Please correct me if I’m wrong, but from what I learned in my robotics class I think motion planning is outside of the job of the controller. I totally agree that motion planning is necessary for robotics and will give you a lot of parameters to play with and better overall control of the robots response. For my Five Bar Parallel Robot I used a Matlab model of the robot to plan the robot’s motion (trajectory) and then I tuned the controller (SimpleFOC library) to give me the the less error over time, in other words, the best trajectory following.
I wouldn’t object adding this feature to the library since it would totally save time for most applications, but I still think the best way to do motion planning is with the model of the robot/ device.
@Antun_Skuric, it is a great library that make it simple to use FOC function in many CPU, and it runs very good in most of the time, thank you very much. I am just testing and learning how to use this library, there is no a target volicity.
And here is a great community I got many help here.
thank you for you very cool projects!
I believe that every way of interpreting the motion planning is correct. According to my point of view, it is necessary to separate the motion planner of the single axis from the coordinated axes movement. Trapezoidal planning (for example) is not only a way to make the motor follow a specific trajectory in space, but is also closely linked to the electrical / mechanical variables of the motor and driver. An S-curve allows you high performance not only in positioning per se, but also in obtaining excellent results in terms of absorption peaks and drive efficiency. Furthermore, for a high performance motion planning, you need to be computationally as fast as possible and therefore I believe that inserting the trajectory inside the loop for field oriented control is the best choice. Obviously you need more powerful hardware like the ESP32. Arduino Uno I don’t think could handle it.
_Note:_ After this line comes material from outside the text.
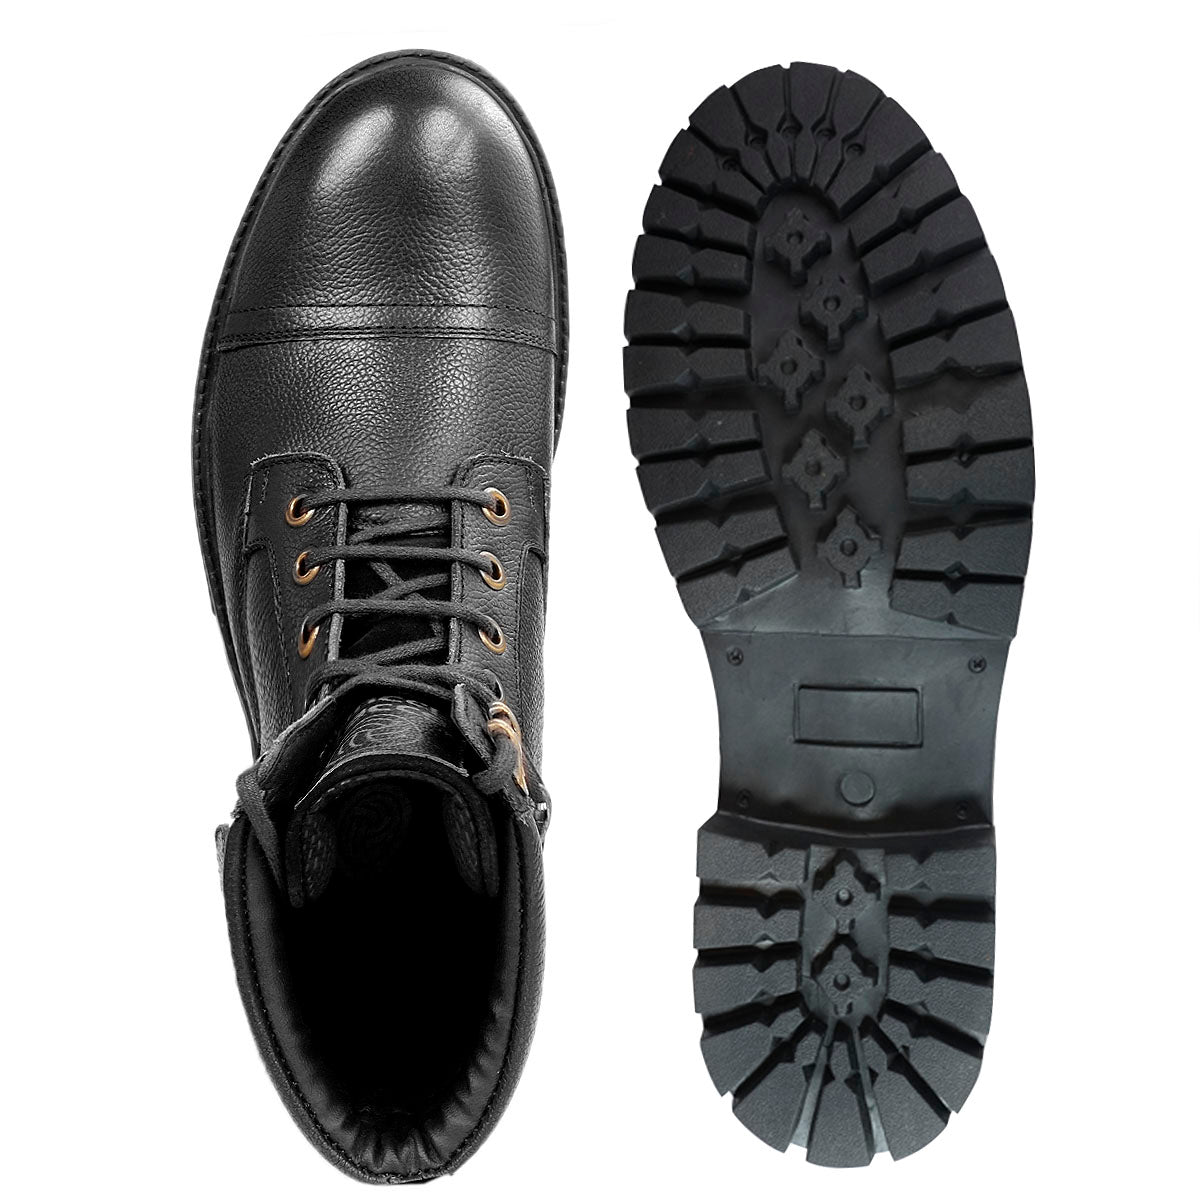 Bacca Bucci Street Fighter Chukka Derby Boots for Men | Motorcycle Boots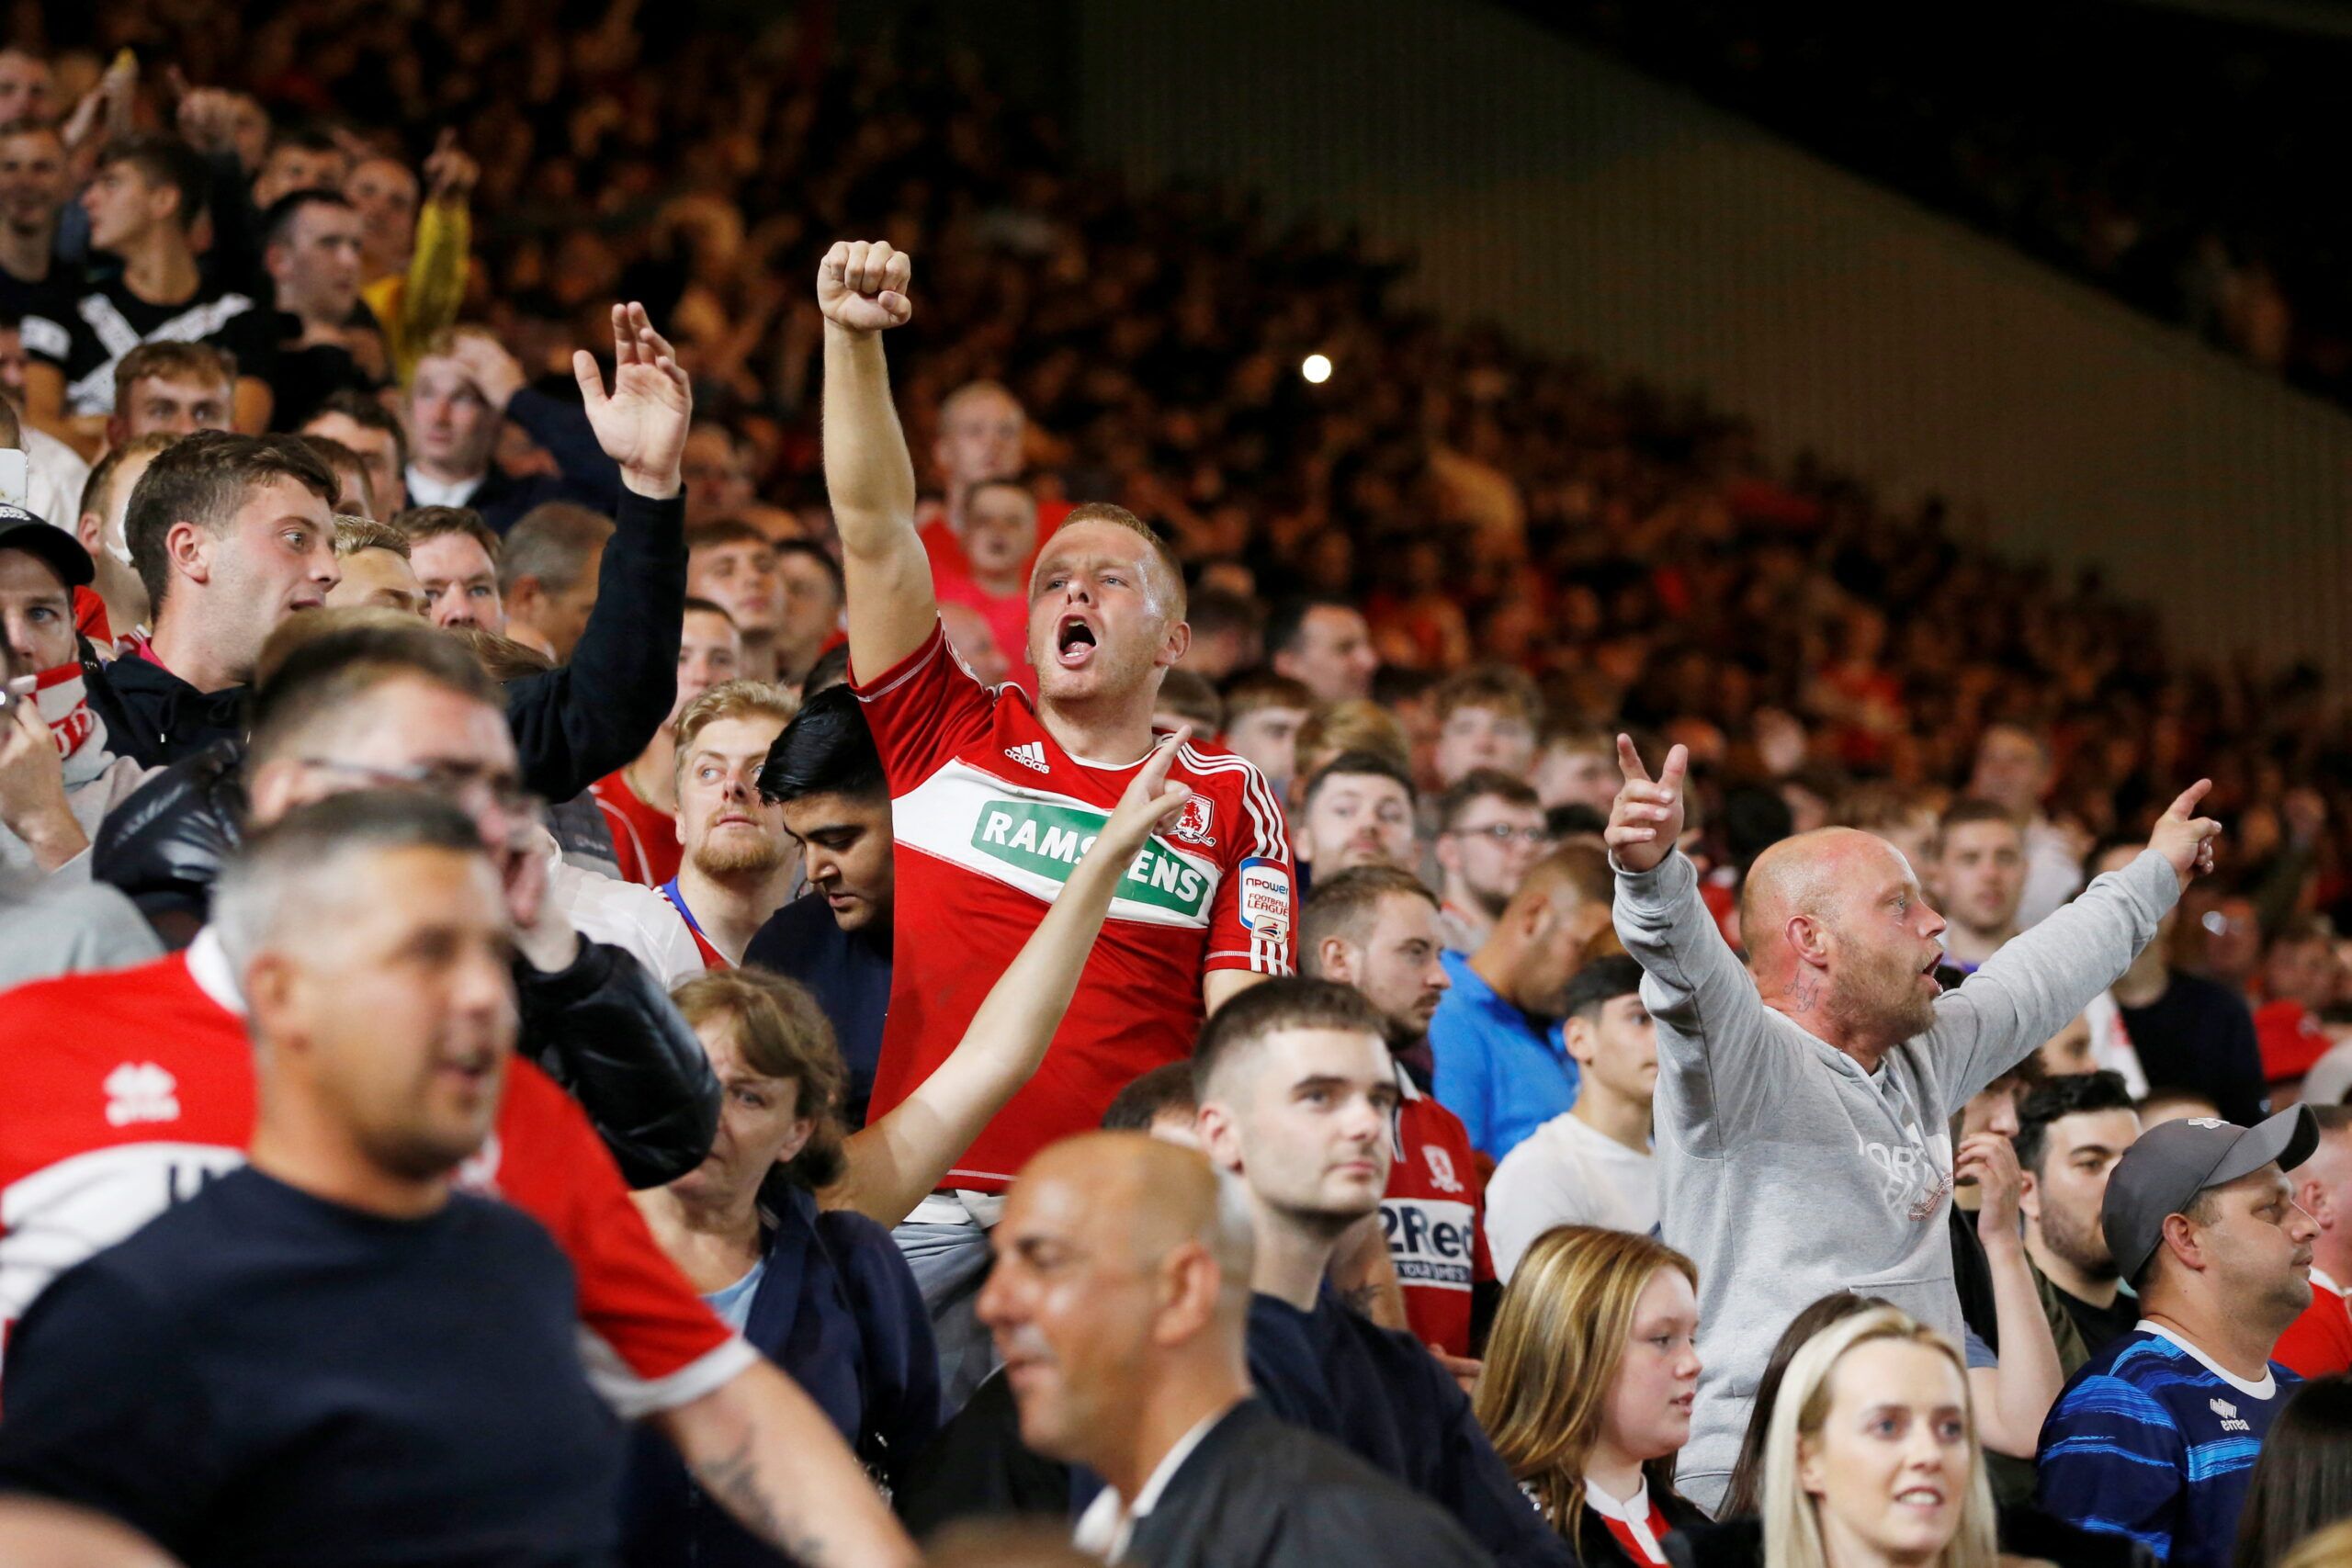 Soccer Football - Championship - Middlesbrough v Sunderland - Riverside Stadium, Middlesbrough, Britain - September 5, 2022  Middlesbrough fans celebrate after the match  Action Images/Ed Sykes  EDITORIAL USE ONLY. No use with unauthorized audio, video, data, fixture lists, club/league logos or

In robotics, on the other hand, I understand the motion planner as that series of mathematical operations (direct and inverse kinematics) to ensure that the axes, in synchronized movements, reach a certain position. In this case I would see it as something external to the motor driver. I’m not a robotics expert, but that’s my idea of motion planning.
Hi all, this is a really exciting discussion.
The BLDC-intrinsic flaws like cogging and torque-ripple had been the reason for me to leaf the BLDC path and move to another (similar) principle.
As mentioned, cogging is intrinsic. Magnetic iron meets strong magnets. The result is attraction. The approach to minimize this is to add more and more poles. That reduces but not eliminates the effect.
The second flaw is the torque ripple coming from the usual block-commutation. That is well reduced by sinusoidal commutation. This is the reason, why we are here in the community.
To prove everything that was posted here I set up a little experiment. I took my worst motor. A 52BL02 with 4 magnet (2PP) and 3 slots. Then I tuned the PI. First I changed the encoder. From 9 to 12 and at last to 14 bit. Antun is absolutely right: its a matter of timing. The higher the resolution the higher the smoothness. The disadvantage is the higher MCU-load. I used a Nucleo, so the problem is not to big.
So I kept the AS5048 at 14bit and played with the torque. And also Owens advice was absolutely correct. The higher the positioning torque the higher the smoothness.
The good thing is that even bad motors can be made smooth by adjusting the system a little. I reached a good behavior at 0.05 rad/s. I made a short video to show you the result:
You pay for the good behavior with inefficiency. You can not use the torque you need to run the motor, only. You have to add some energy to overcome the cogging. But this is not important for positioning.
There is another option. To vary the energy (current) related to the motor geometry(poles/slots) and rotation angle. Not a big deal but it makes the setup much more difficult and reduces the execution speed. I guess that is called anti-cogging algorithm.